The growth of the sector can be considered even more impressive when the subsidies given to fossil fuel and renewable energy producers are taken into account. Throughout 2014 fossil-fuel consumption received $US493 billion in subsidies which represented more than four times the value of subsidies paid to renewable energy producers.
Furthermore, it is estimated that in excess of 30 countries have reached grid parity without the need for subsidies including Chile, Mexico, Brazil and Australia. A Deutsche Bank study, cited by the WEF report, concludes that “If electricity costs were to rise by 3% annually, 80% of the global market would reach grid parity in the next couple of years.”
Investment in the renewable energy sector is not without its risks and challenges which can be broken down into three categories – at the pre-investment stage, at the construction (greenfield) stage and finally at the operation (brownfield) stage. While not all risks can be planned for and “completely hedged out” many of them can be successfully mitigated.
Regulation has been talked about challenge for investors wishing to enter into renewable energy investments. Uncertainty can exist over a lack of regulation, as is the case in many developing markets, as well as over-regulation, as is the case in many developed markets. Such uncertainty can result in large legal costs for (potential) investors. The report points out that “Successful investors have generally managed to strike PPP [public-private partnership] contracts where the balance of risks between private and public stakeholders is adequate.” Entering into some types of insurance, which can cover expropriation or political violence, can also serve as an effective regulatory mitigation strategy.

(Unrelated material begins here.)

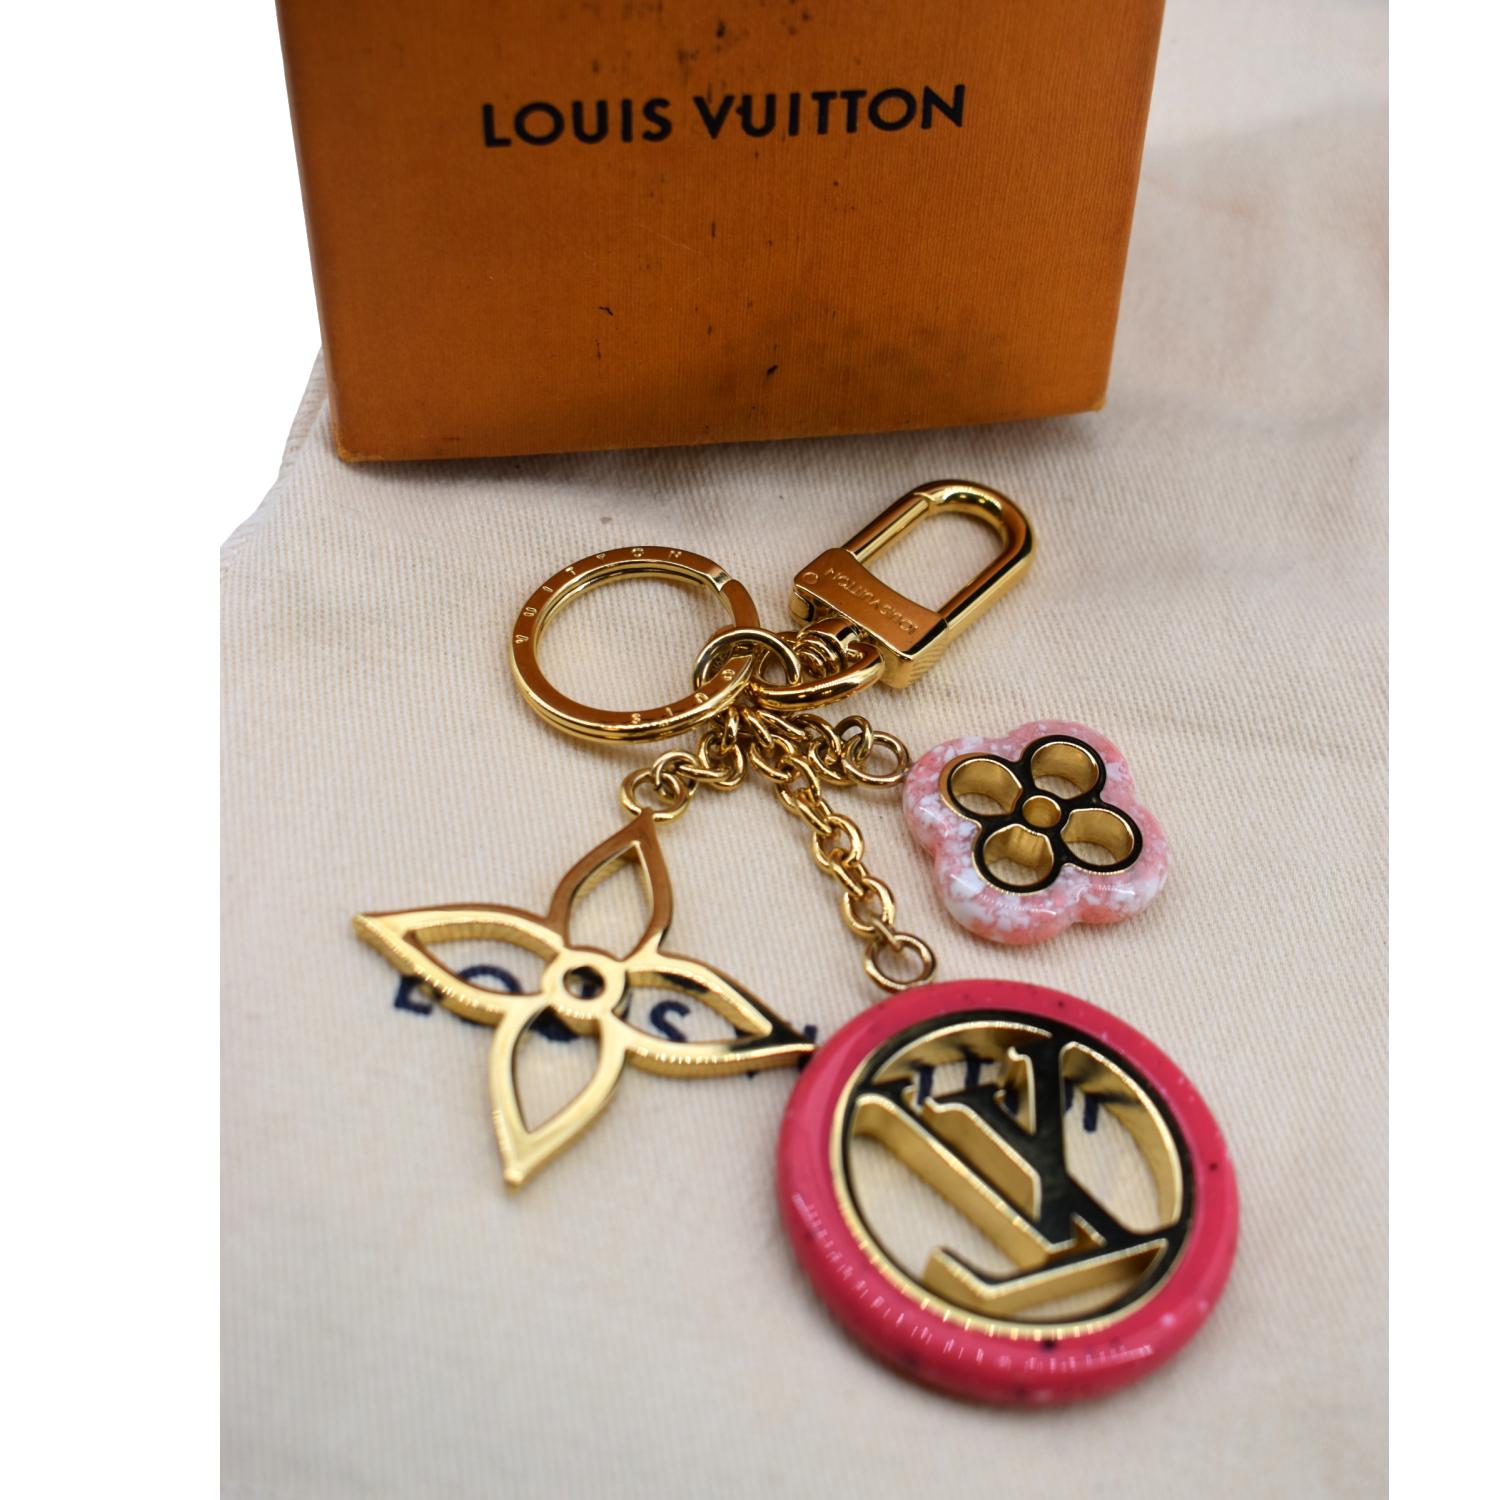  Louis Vuitton Keychain

The report concludes by discussing renewable energy as a relatively new industry and believes that any challenges faced can be successfully overcome. It says: “It is clear that investors have generally neglected the sector for a long time (arguably with reasonable justification) and the exponential changes in cost and efficiency have been too recent to have an impact on their mindsets.” However, it also argues that “the attractiveness of the sector will only increase” due to the “economic soundness of renewable infrastructure” and the promise of further technological evolution and innovations.